Source: I'm an Arista TAC engineer and occasional [H]ardocp lurker.
 
Good stuff here, and accurate all around. To clarify a couple of points, using Arista nomenclature:

- MLAG peering is how Arista EOS "stacks" a pair of switches to appear as a single logical switch. As noted, the switches still maintain their own control plane and configurations, with some layer 2 functions exclusively managed by one switch in the pair (e.g. STP, LACP). Let's call this the MLAG peer pair.

- MLAG port channels are defined on the MLAG peer pair, connected to upstream (routers/other switches) or downstream (host) devices. Presuming this is a top of rack (TOR) pair that'll connect to hosts, you'd set up port-channels to each host on each switch, adding a matching MLAG port-channel on both switches in the pair. This ID is what logically tells the pair to treat the port-channel as connecting to one upstream/downstream device. Of course, one could connect another MLAG peer pair upstream/downstream, even doing a full mesh of links in the port-channel for complete redundancy and substantial aggregate bandwidth. As cited though, your max throughput through any port-channel is limited to the speed of any individual link.

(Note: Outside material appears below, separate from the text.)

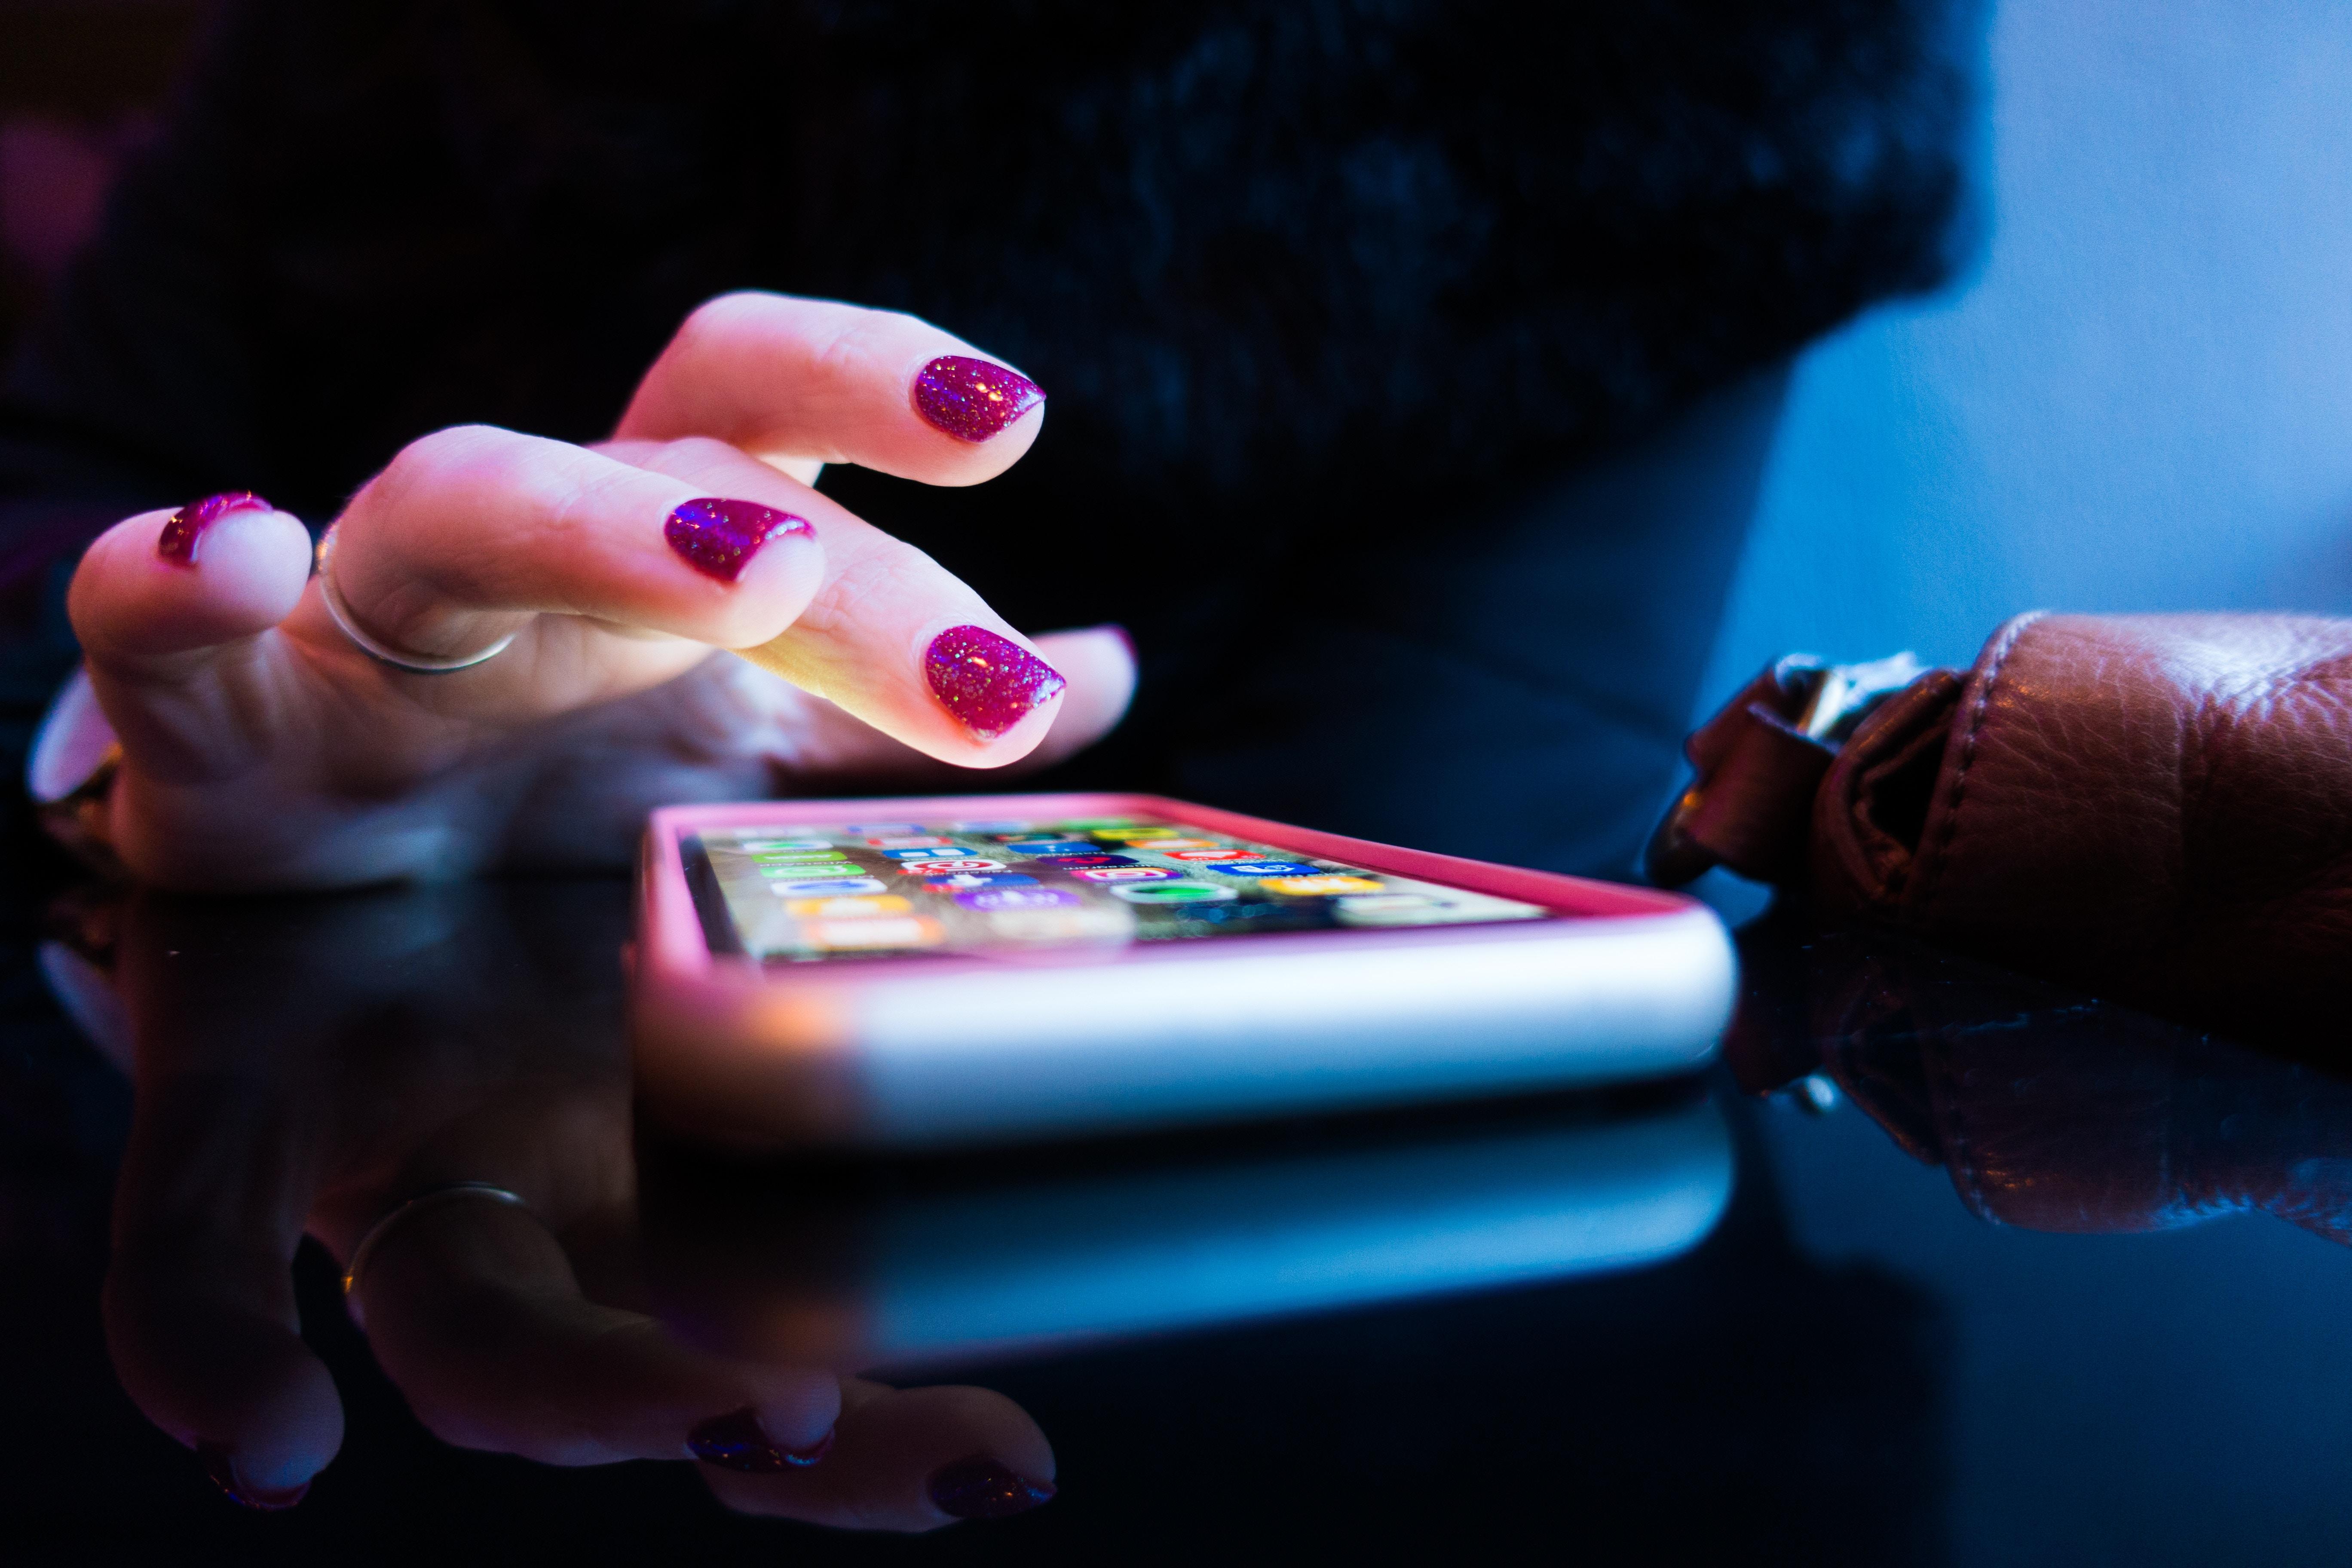 Czy tytanowe paznokcie faktycznie są lepsze od starej, dobrej hybrydy?

With lots of sessions though, you can make use of all the links in a port-channel, thanks to the magic of hashing.

- The link between an MLAG peer pair is referred to as the peer link. Under ideal circumstances, it's only used to pass traffic that can't otherwise go north-south towards upstream switches/routers to the north, or MLAG connected hosts to the south. If one loses a link to a host or upstream device, the peer link can act as a backup path, albeit at the latency expense of the extra switched/routed hop.

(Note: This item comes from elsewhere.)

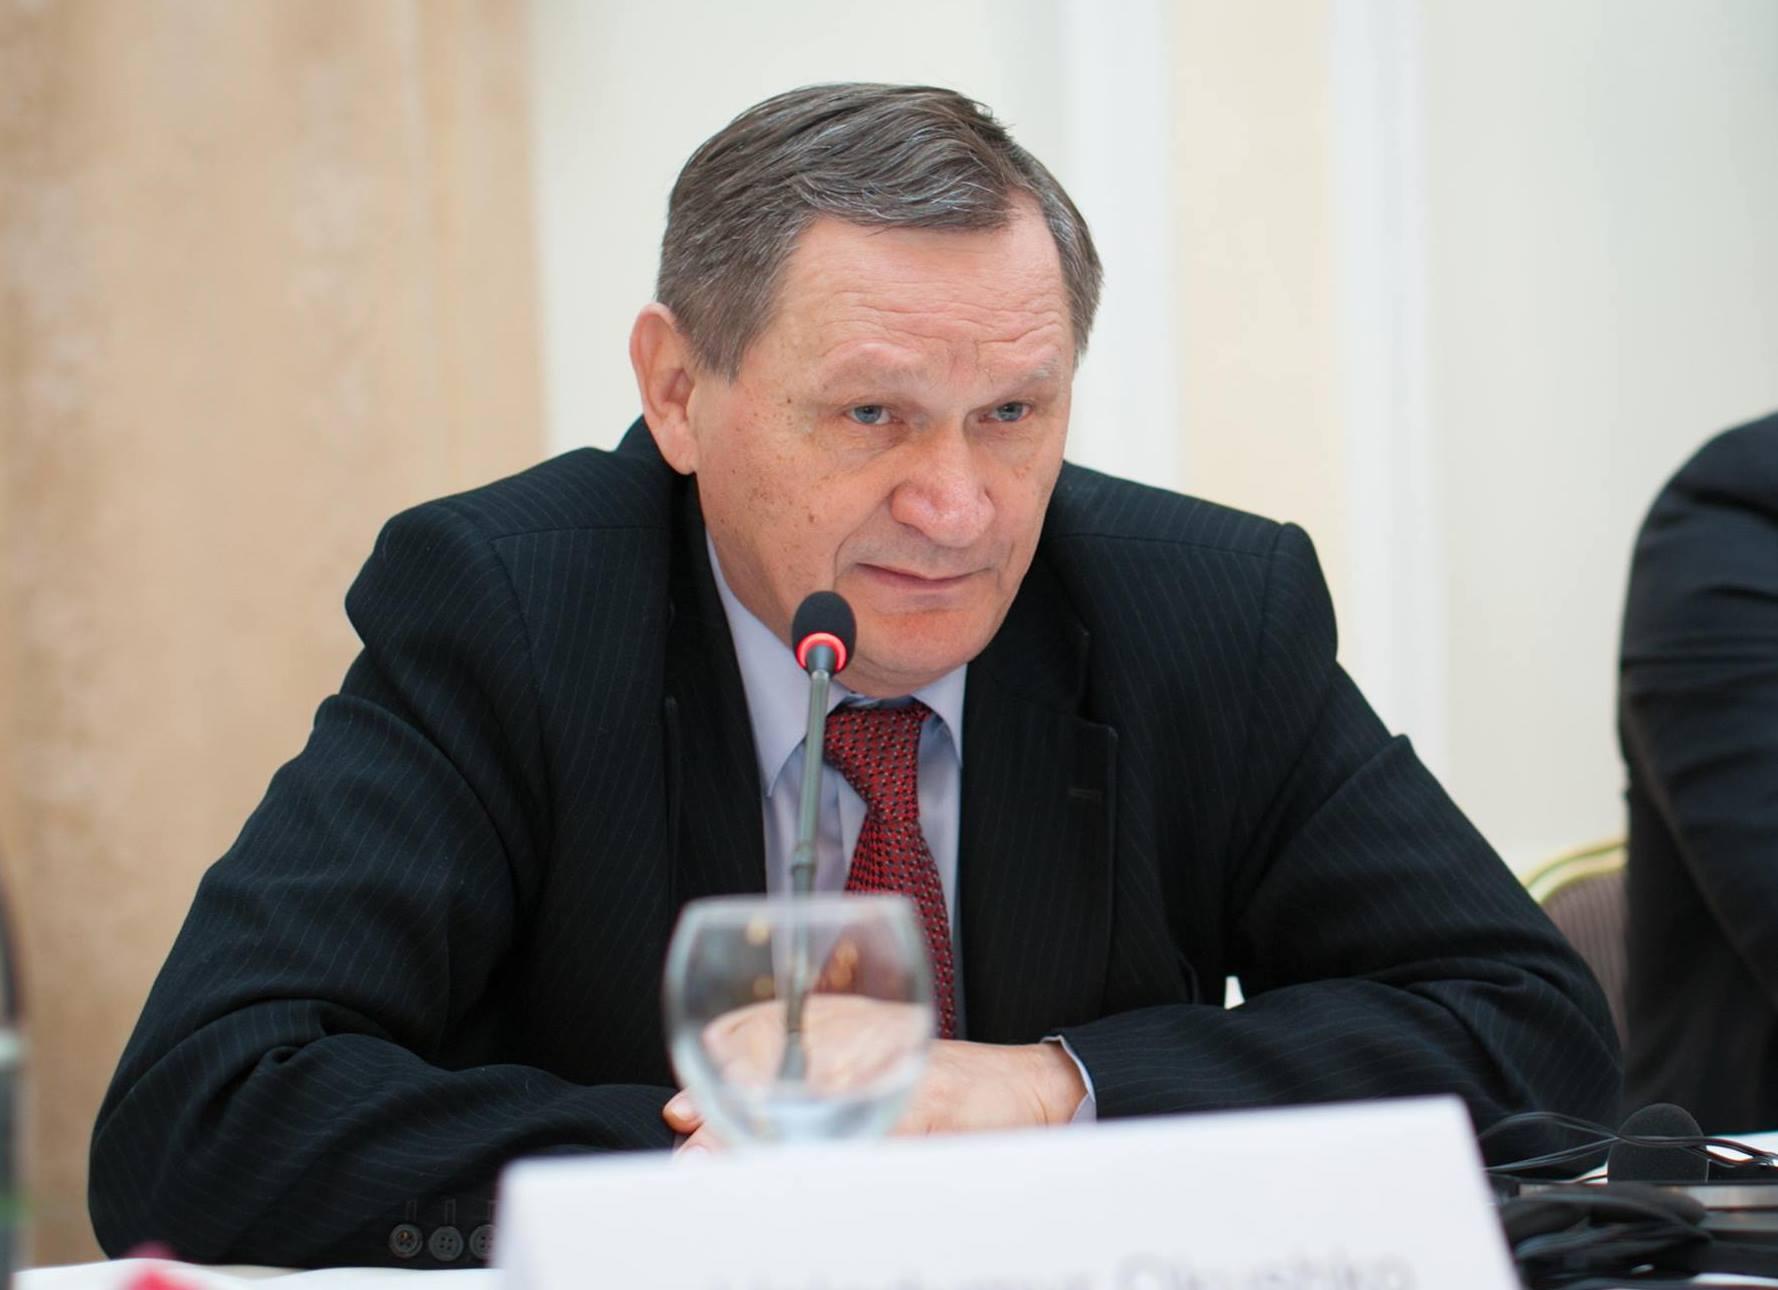 Муравский: Новое правительство приступит к работе максимум в течение 10 дней

The Arista User's Manual has a lengthy chapter on how to configure MLAG, the peer link, and MLAG port-channels, as well as L2 vs. L3 redundancy steps. If you're an Arista customer with a current support contract, feel free to log in at https://www.arista.com/en/user-registration to get an account. If your company hasn't already registered other users, you can drop a line to support (at) arista (dot) com (obfuscated!), citing your switch's serial number, and we'll get you set with customer privileges to download documentation and software as need be, as well as answer any other technical questions. Hope this helps.

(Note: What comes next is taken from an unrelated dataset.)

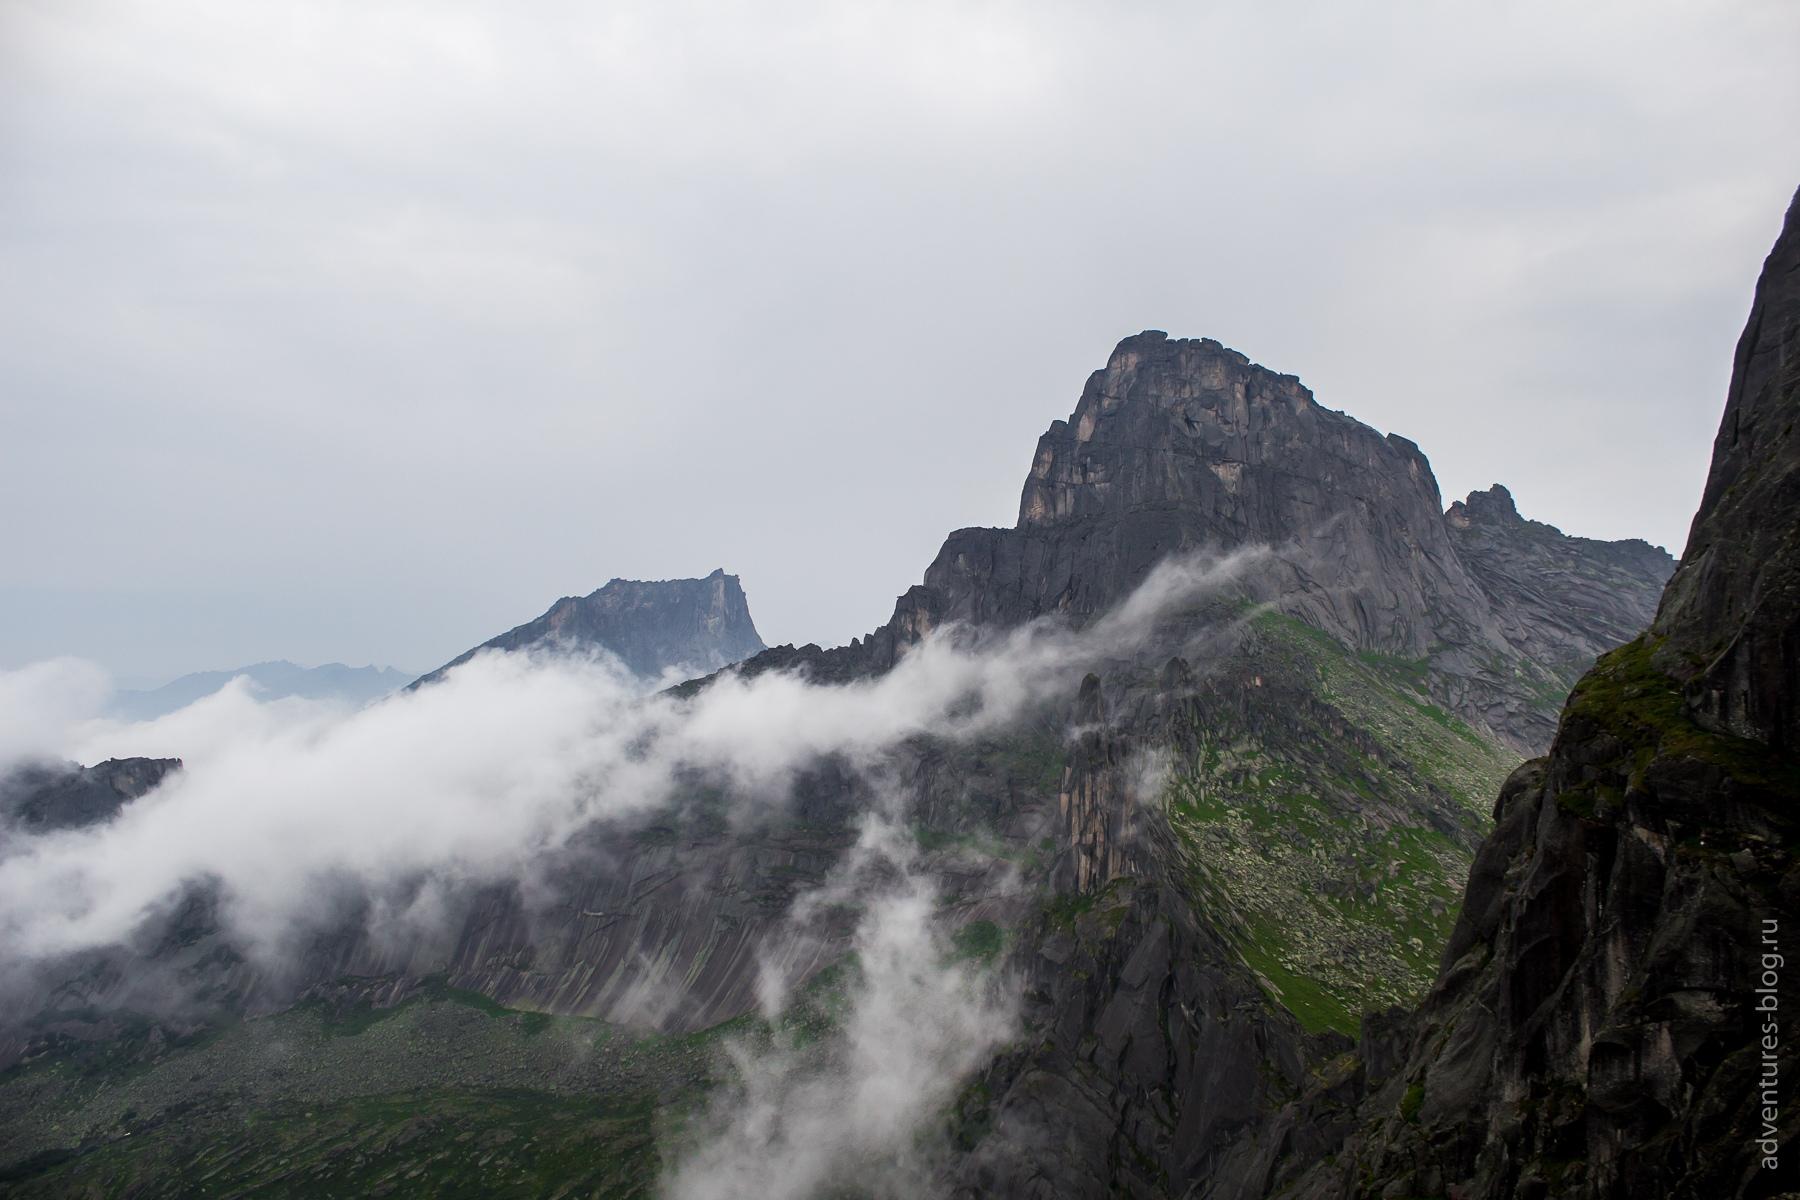 Подъем на перевал Птица. Пик Звездный в тумане

Source: I'm an Arista TAC engineer and occasional [H]ardocp lurker.

So you work for Arista? If so, how is your new lab coming along in NJ?
 
Probably doesn't apply in your case, but a word of warning about Arista MLAGs...

A large investment firm had a failed supervisor lead to a total double blade chassis outage when MLAG "rebuilding" spiked the CPUs on both chassis, leading to all traffic being dropped. The only way to get traffic flowing again was power cycling both switches.

They eventually confirmed MLAG to be bugged in some manner, but I have no idea if it was fixed in later Arista code releases.
 
So you work for Arista? If so, how is your new lab coming along in NJ?
I can neither confirm nor deny the existence of such a lab - and frankly, we're a large enough company nowadays that I wouldn't necessarily know about such a buildout anyhow. Feel free to drop a line to support (at) arista (dot) com with any specific buildout questions or technical issues, and if you like, ask for Randy to review the issue (that's me - large company or not, there's still just the one Randy in support :) ).
 
A large investment firm had a failed supervisor lead to a total double blade chassis outage when MLAG "rebuilding" spiked the CPUs on both chassis, leading to all traffic being dropped. The only way to get traffic flowing again was power cycling both switches.

They eventually confirmed MLAG to be bugged in some manner, but I have no idea if it was fixed in later Arista code releases.

When did this happen? I'll bring it up to our Arista rep and SE.